1/n I've been asked a few times about the math in this recent Science paper, so here's a thread to help unpack it: A mathematical model reveals the influence of population heterogeneity on herd immunity to SARS-CoV-2 https://science.sciencemag.org/content/early/2020/06/22/science.abc6810

2/n Background: the reproduction number R0 for a disease is how many individuals are infected, on average, by an infected individual, in a fully susceptible population without mitigation measures.

3/n To keep the disease from spreading in a population, the fraction of susceptible individuals has to be reduced by a factor 1/R0 to exactly balance out the new infections. That means that if a fraction 1-1/R0 were immune (vaccinated or recovered), the disease would peter out.

4/n This is the "herd immunity" concept. For COVID-19 with R0~2.5 & no vaccine, herd immunity requires many cases & deaths before the disease would run its course: 60% need to be immune before reaching herd immunity (& roughly ~30% more are infected as the disease peters out).

5/n But this assumes that all are equally at risk. If some individuals have more contacts and are more interactive, due to work, family obligations or personality, they're more central to disease spread than individuals who are less out and about.

6/n The Britton et al. paper explores the impact of this heterogeneity in contact rates on the total number of cases needed to stop the disease. Let's simplify to help understand.

7/n The biggest effect occurs if some individuals move a lot and others not at all. If we could vaccinate those most active first, then we would only need a fraction 1-1/R0 of these active people to be immune to stop the disease. That is a lot fewer cases: freq(active)*(1-1/R0).

8/n Vaccination programs that aim first to immunize those with lots of contacts and risks – healthcare & essential service workers – follow this principle. They help protect them & us.

9/n Let's call this "influencer immunity" rather than "herd immunity". The key point of Britton et al is that mitigation measures that still allow the disease to spread disproportionately lead to immunity amongst the most active community members, providing influencer immunity.

10/n Here's an illustration of the fraction of immunity needed to cause the disease to die out, assuming 50% more active & 50% less active people. x-axis describes the variance btwn the groups' activity levels. Blue curve shows standard herd immunity (everybody equally immune).

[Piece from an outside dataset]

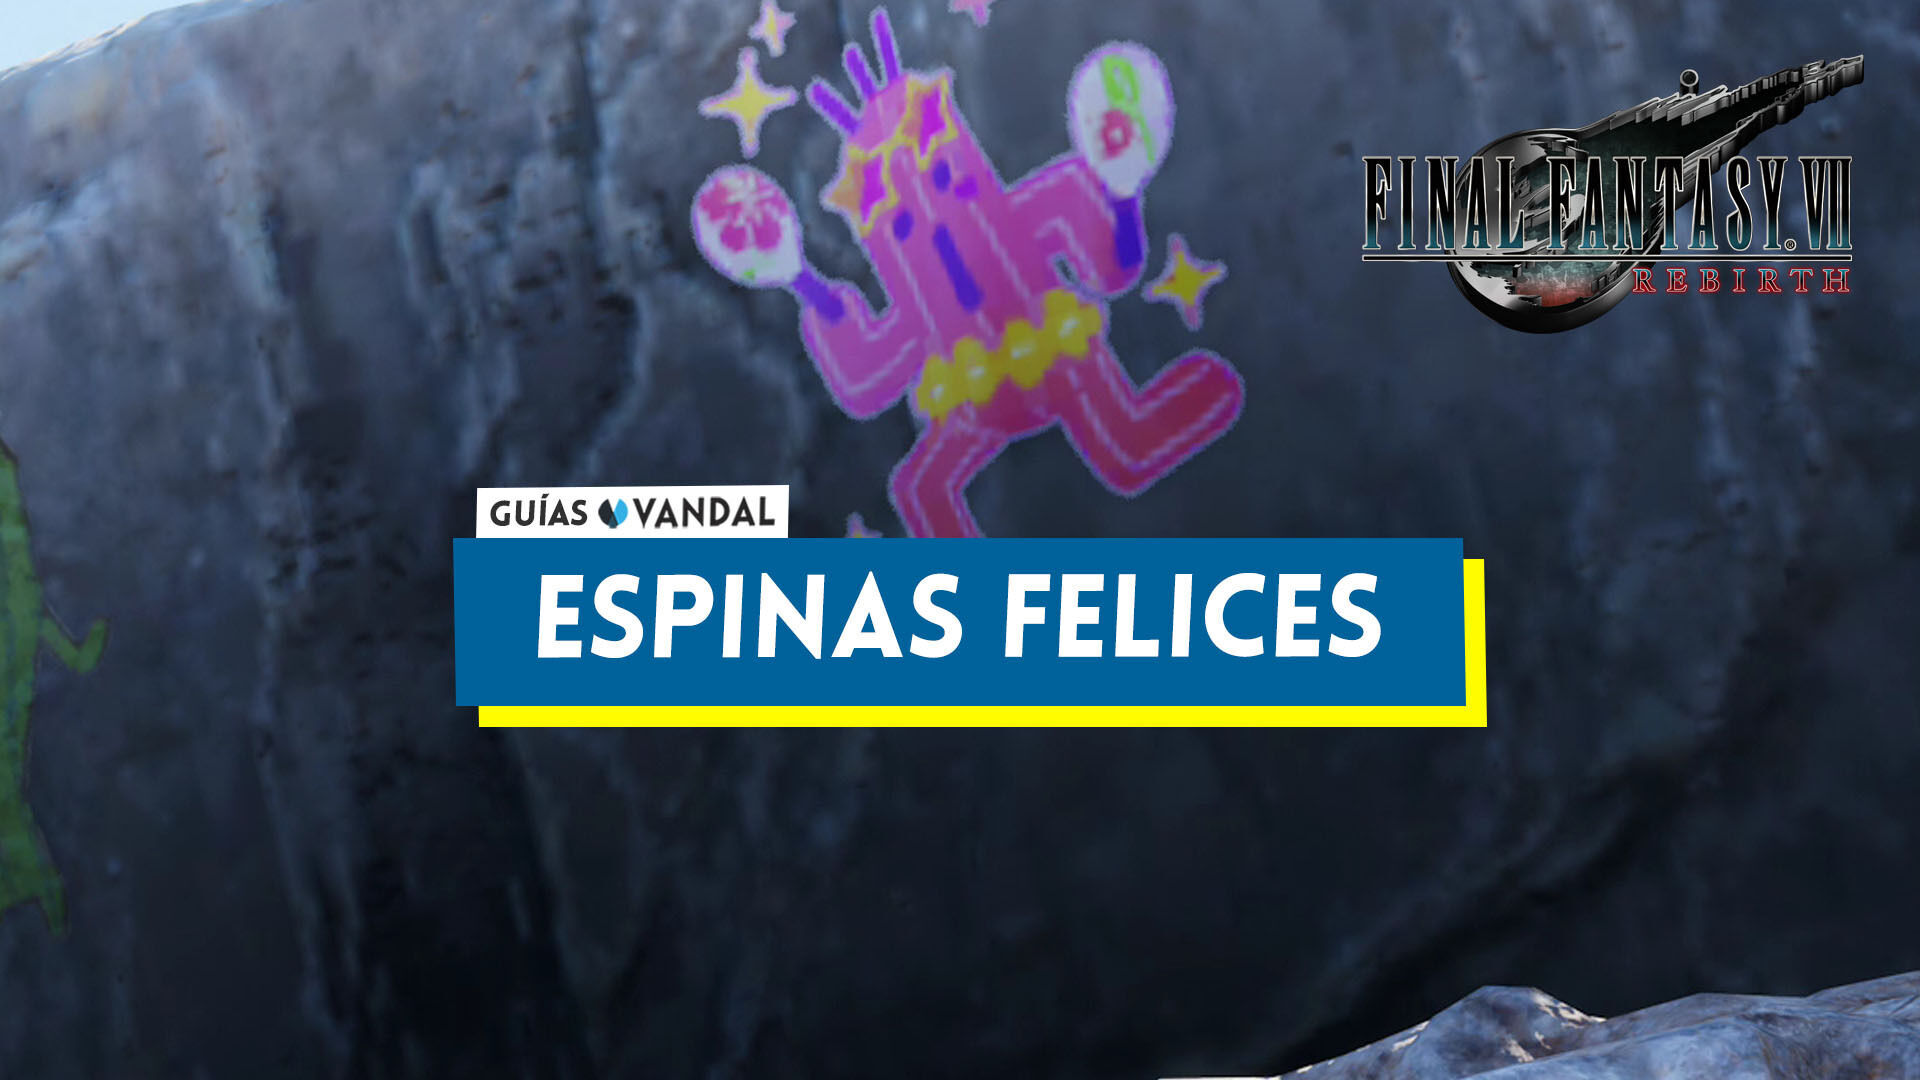 Espinas felices: cómo ganar y recompensas en Final Fantasy VII Rebirth

11/n Red shows influencer immunity following mitigation that just prevents a second wave (influencers are more likely to have been sick). Green: best case if we could immunize influencers first. Here's a link describing the math for this two-category model https://www.zoology.ubc.ca/~otto/Research/Britton/

12/n Some interesting points: The mitigation level needed to just avoid a second wave seems pretty insensitive to heterogeneity in activity (good - because this is often poorly known). More realistic cases with a range of activity levels (not just two) make less of a difference.

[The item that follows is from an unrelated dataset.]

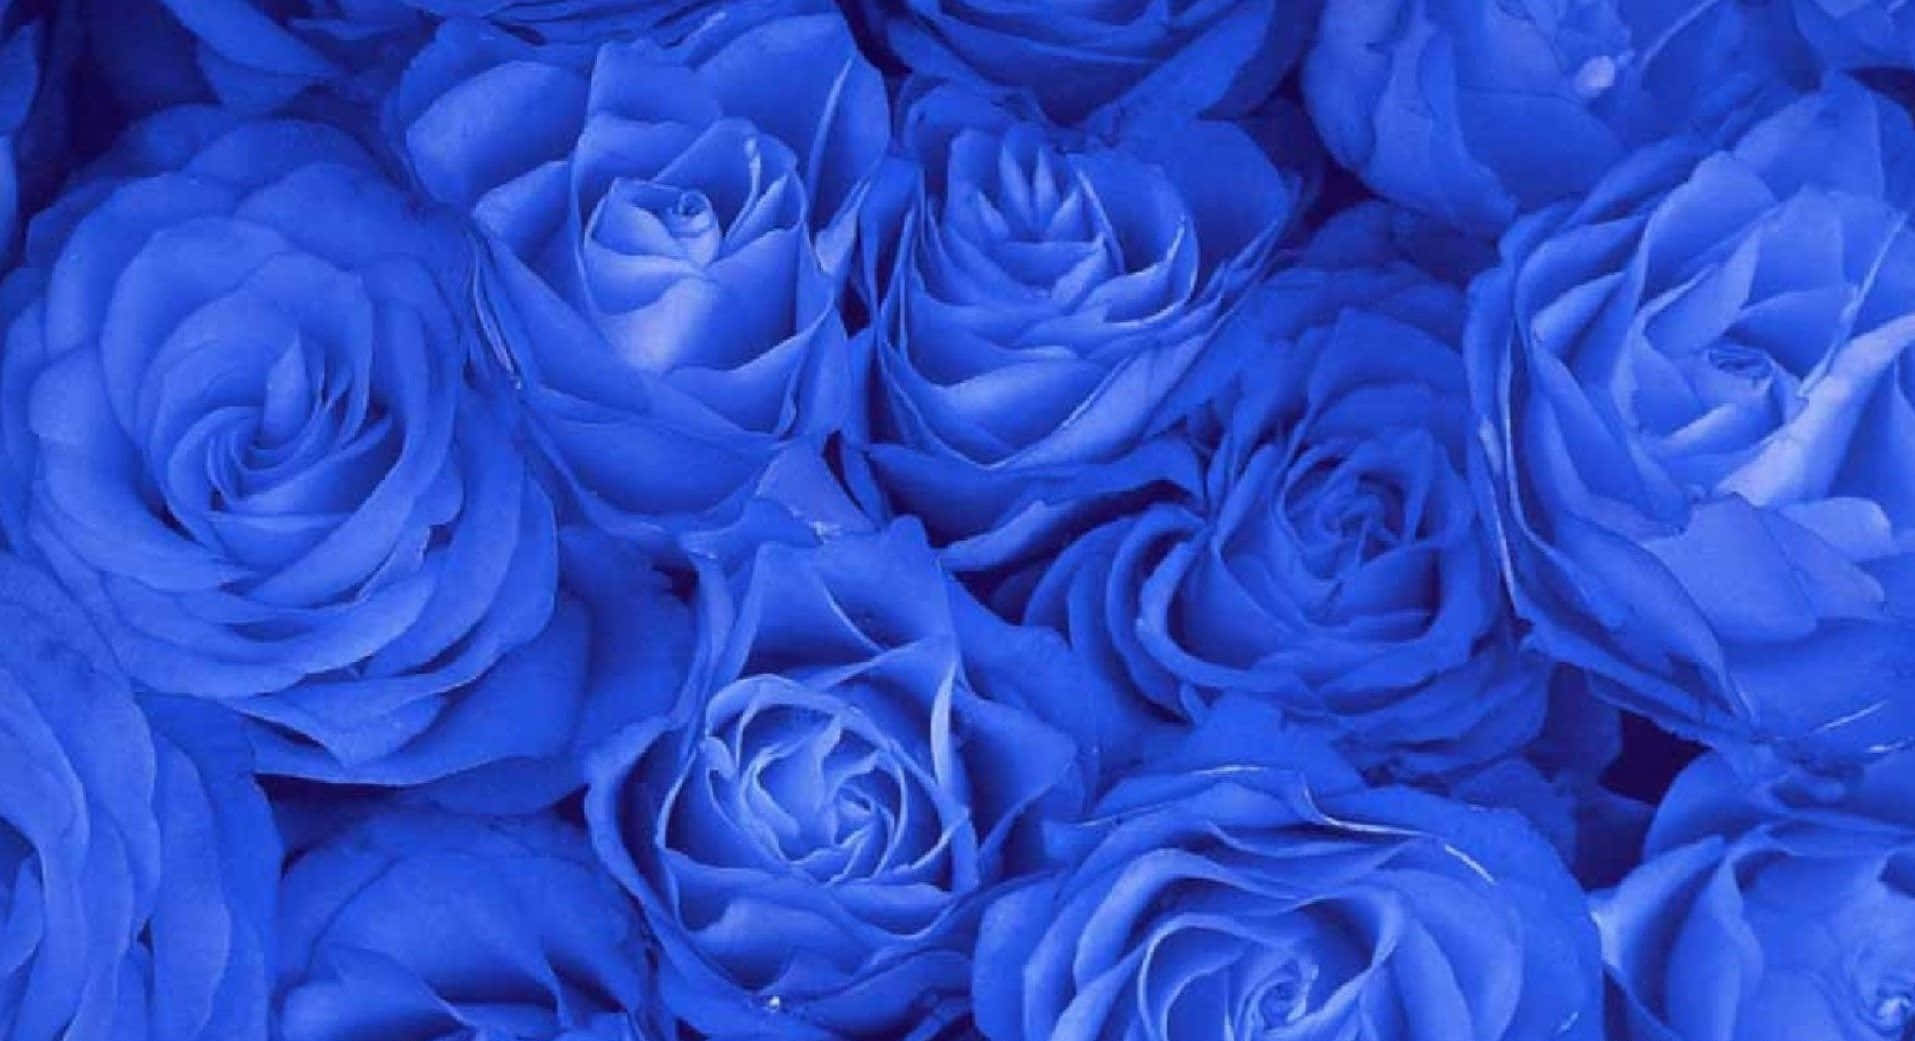 Imagende Un Montón De Flores De Rosas Azules.

13/n Heterogeneity in activity helps for two reasons: it reduces the immunity needed to stop the disease from spreading, and it reduces the number of cases that happen after this point (because the most active people are often already affected).

14/14 Flattening the curve helps for several reasons too: fewer individuals get sick, we get closer to influencer immunity rather than herd immunity, and we buy time for vaccines to take us the rest of the way past this devastating disease.